◆ TASK ◆
Down to the last line, set down the material below exactly, excluding pictures.
GIVEN INFORMATION START
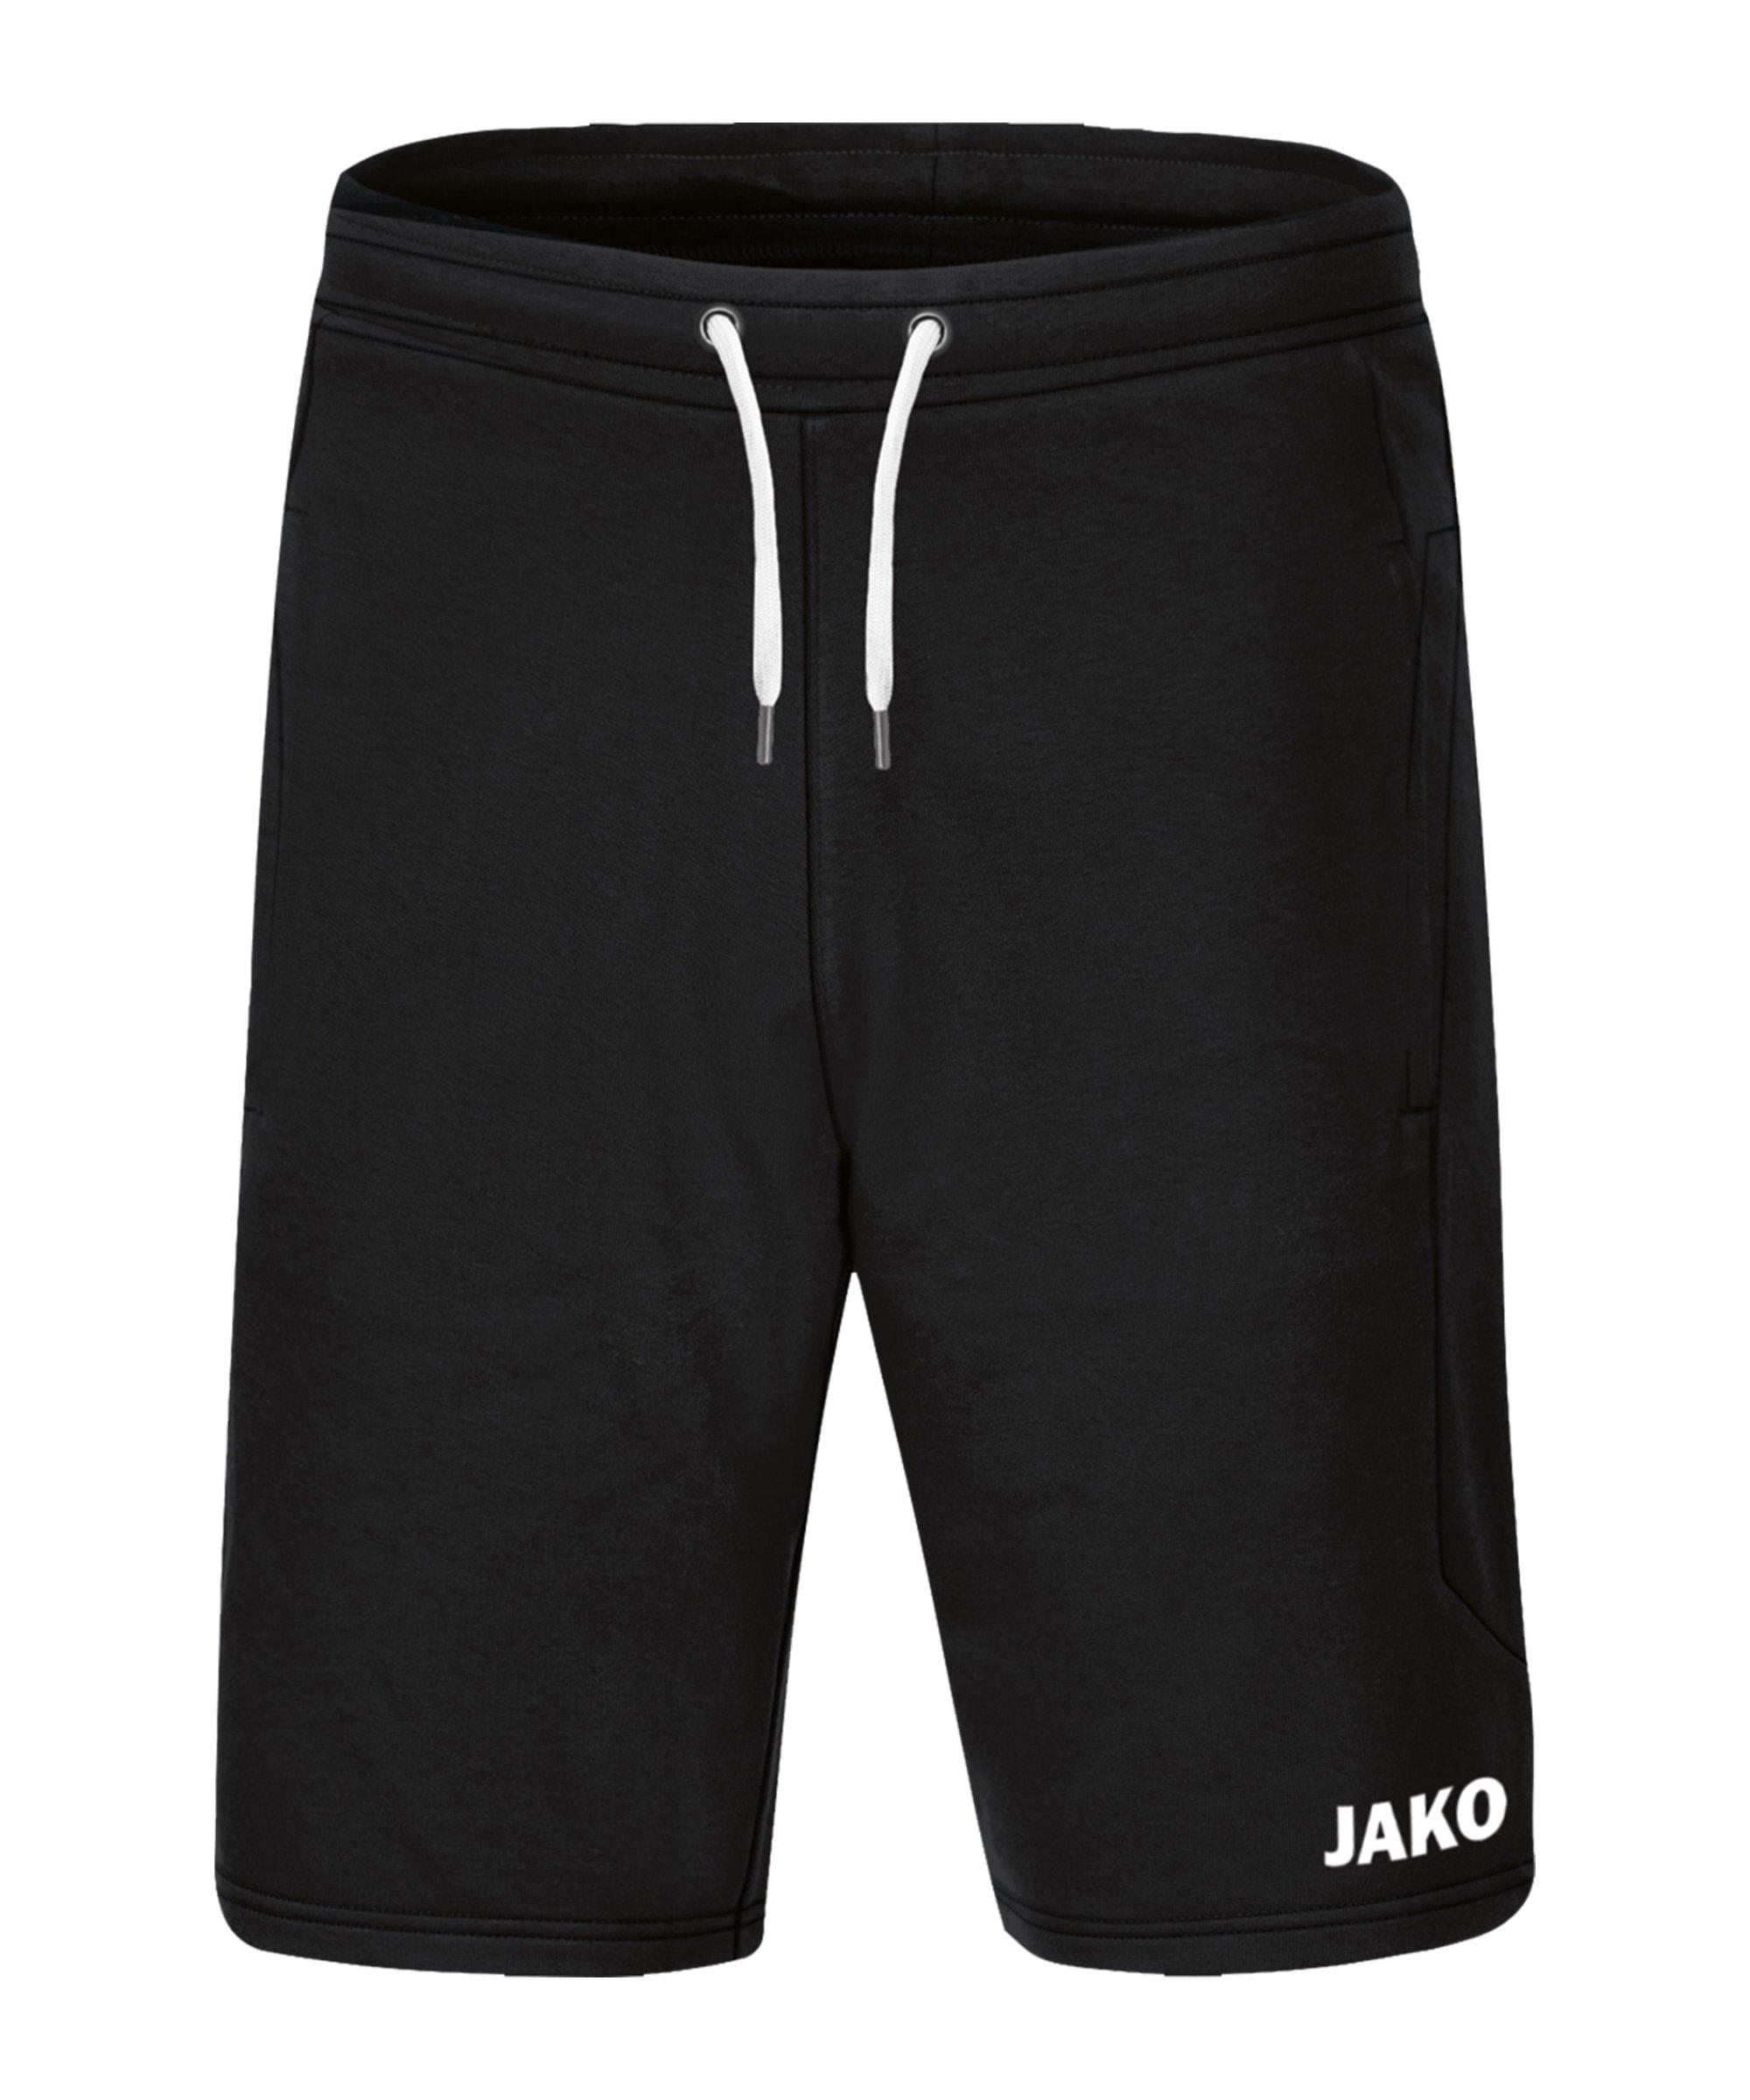 JAKO Base Short Kids Schwarz F08 - schwarz
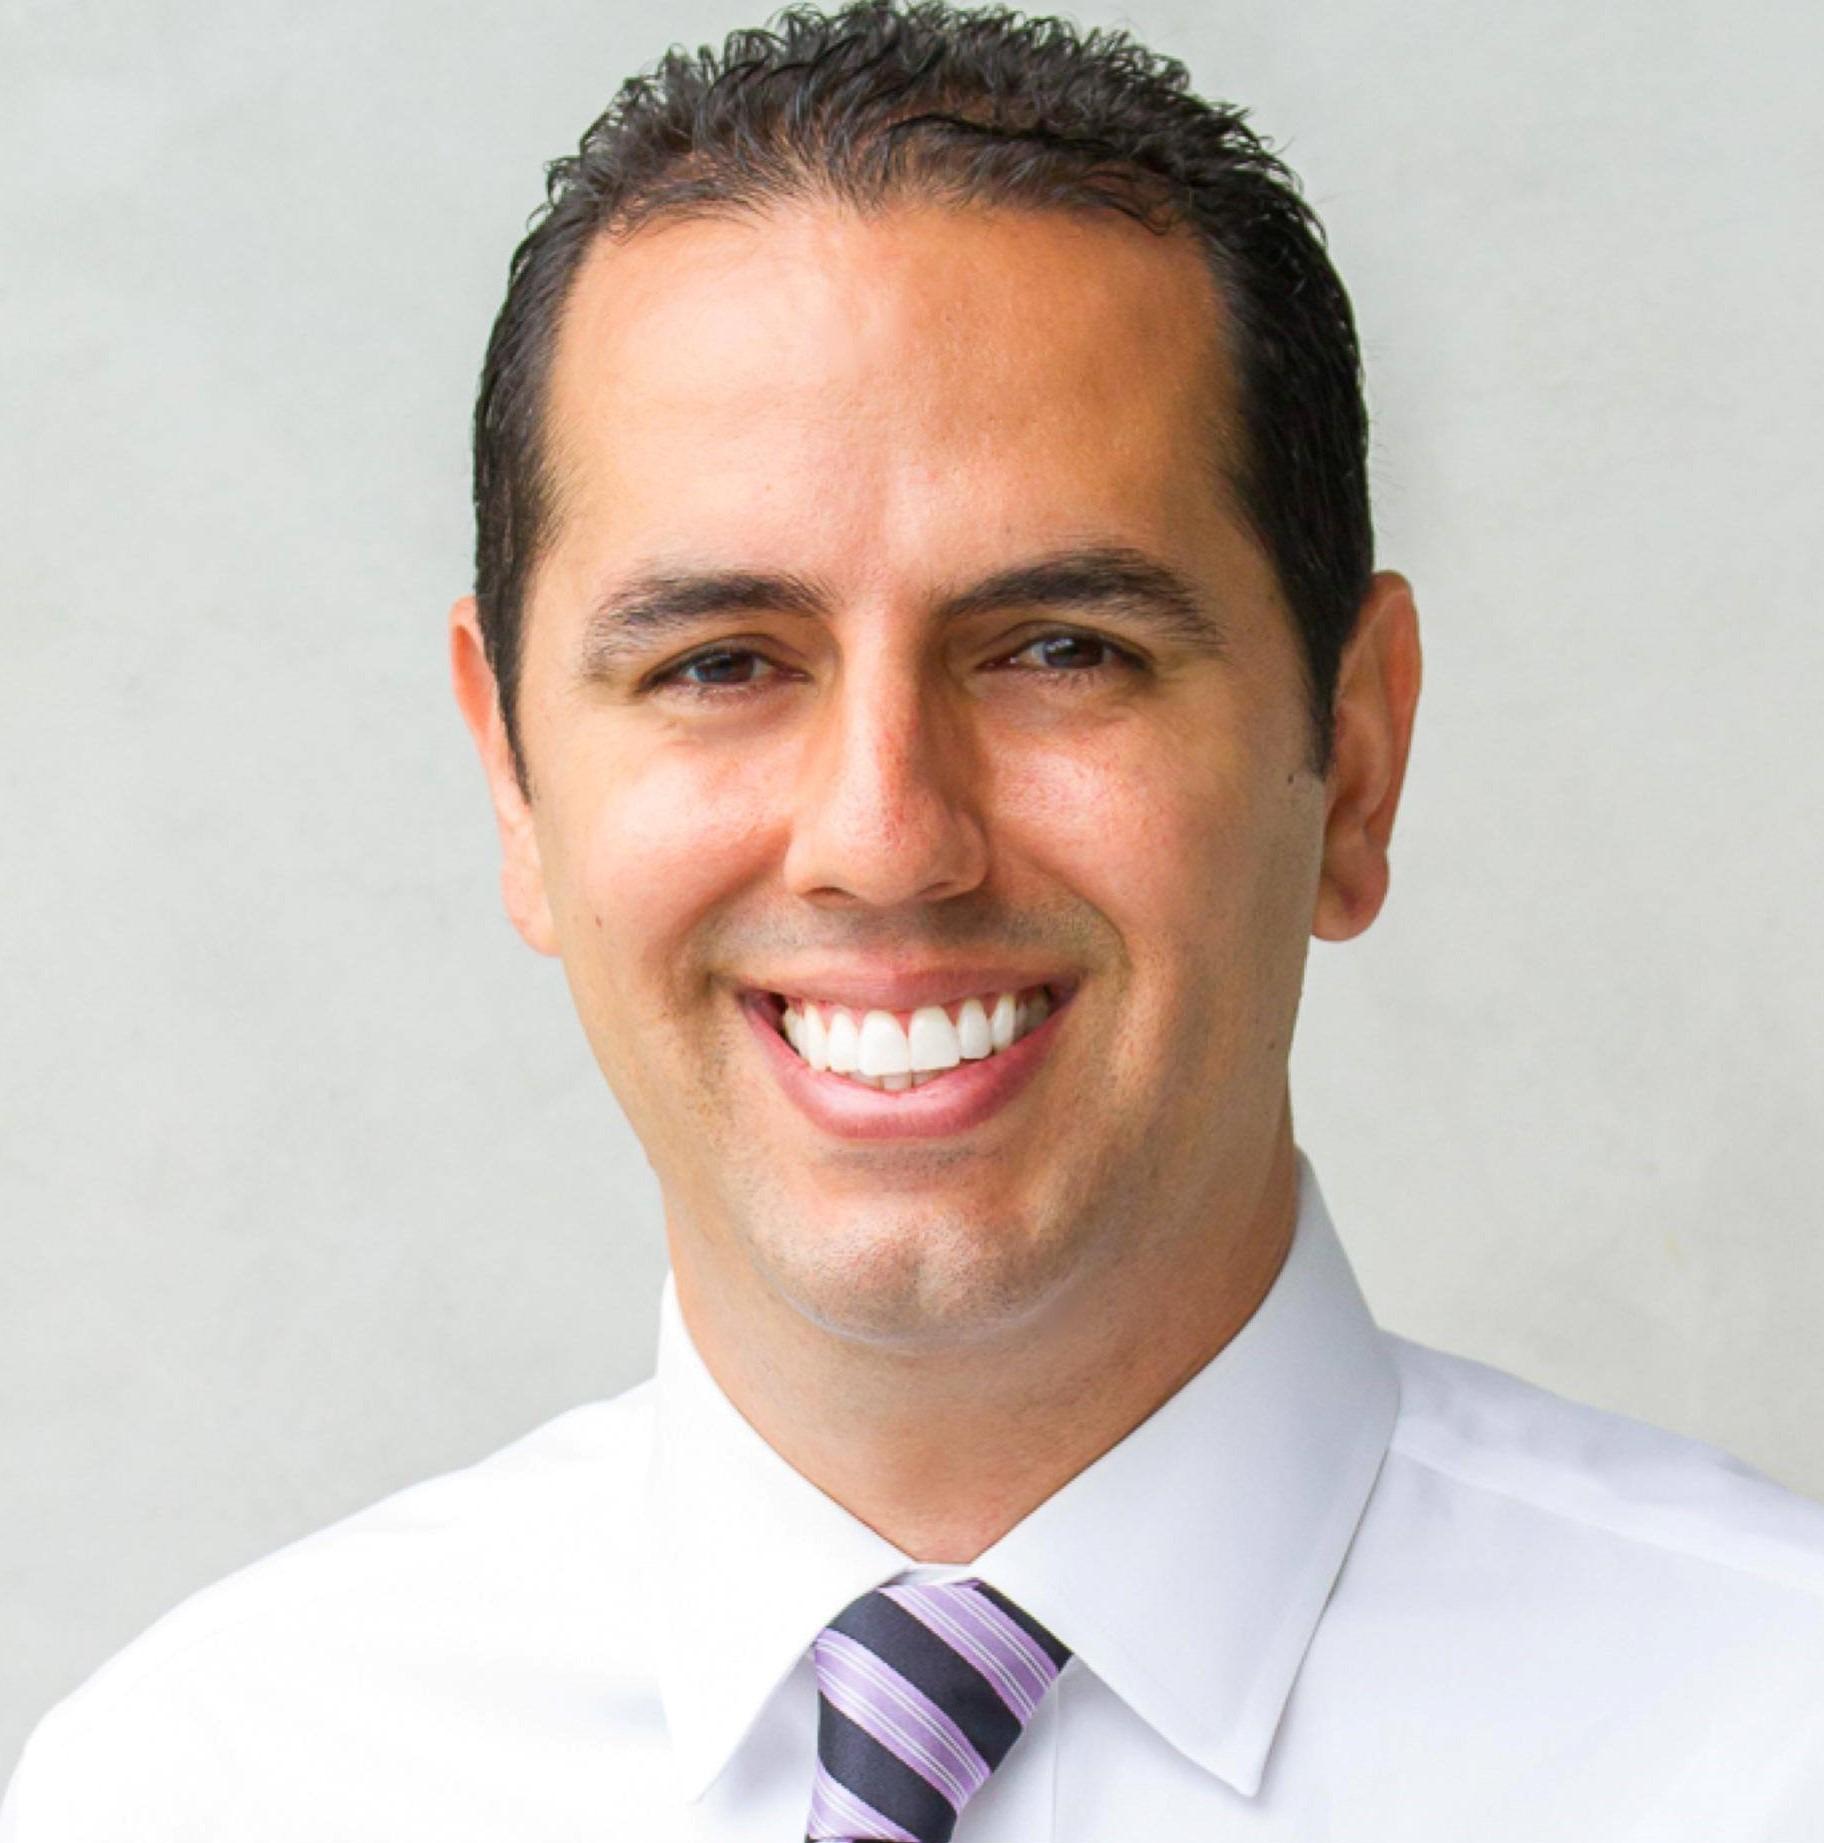 Yosi-Behroozan-dentist
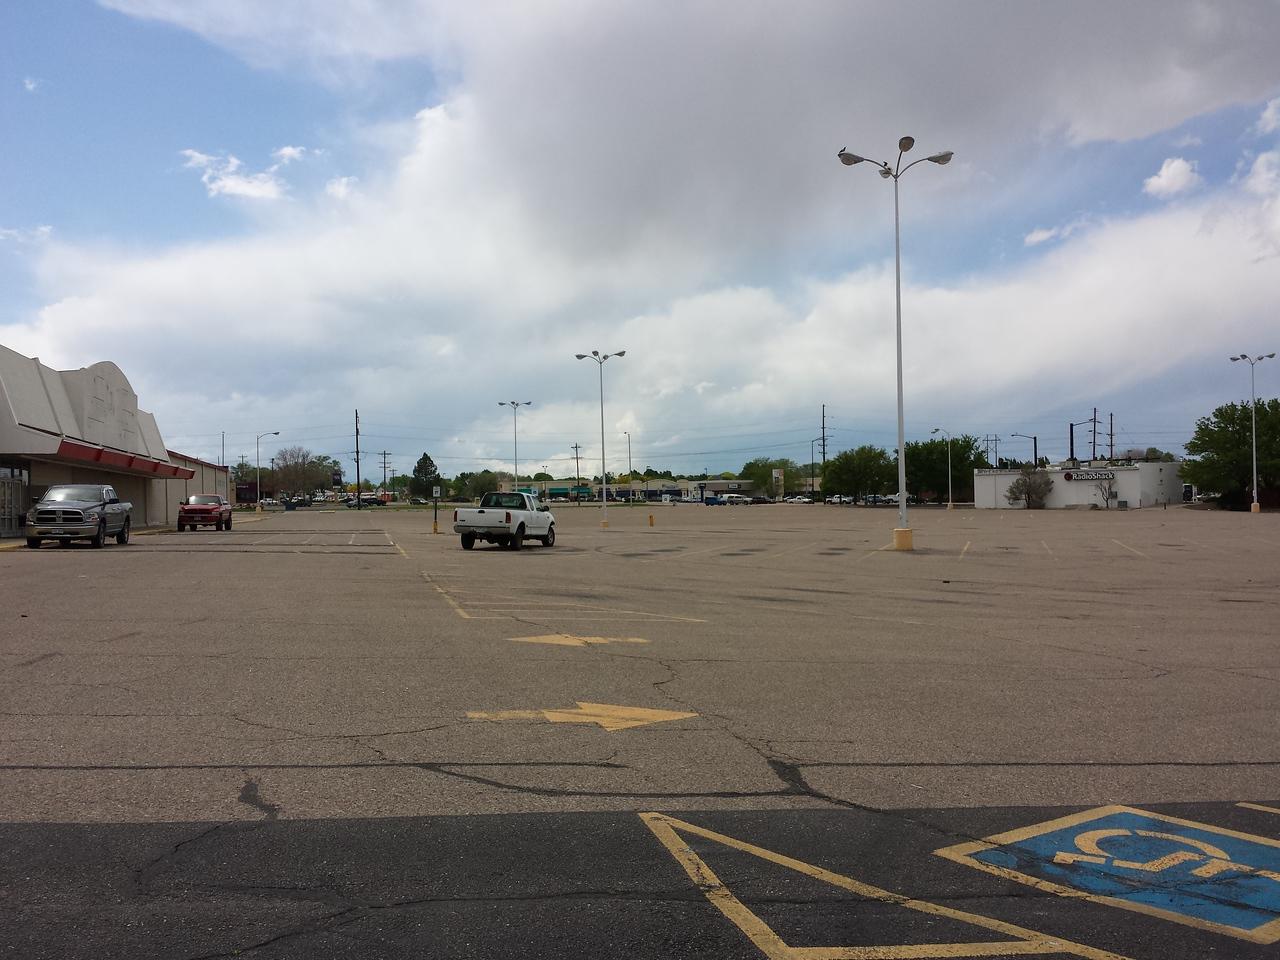 Kmart, furs, radioshack closing on pueblo Boulevard
GIVEN INFORMATION END
◆ RESPONSE TO THIS EXERCISE ◆
 JAKO Base Short Kids Schwarz F08 - schwarz
 Yosi-Behroozan-dentist
 Kmart, furs, radioshack closing on pueblo Boulevard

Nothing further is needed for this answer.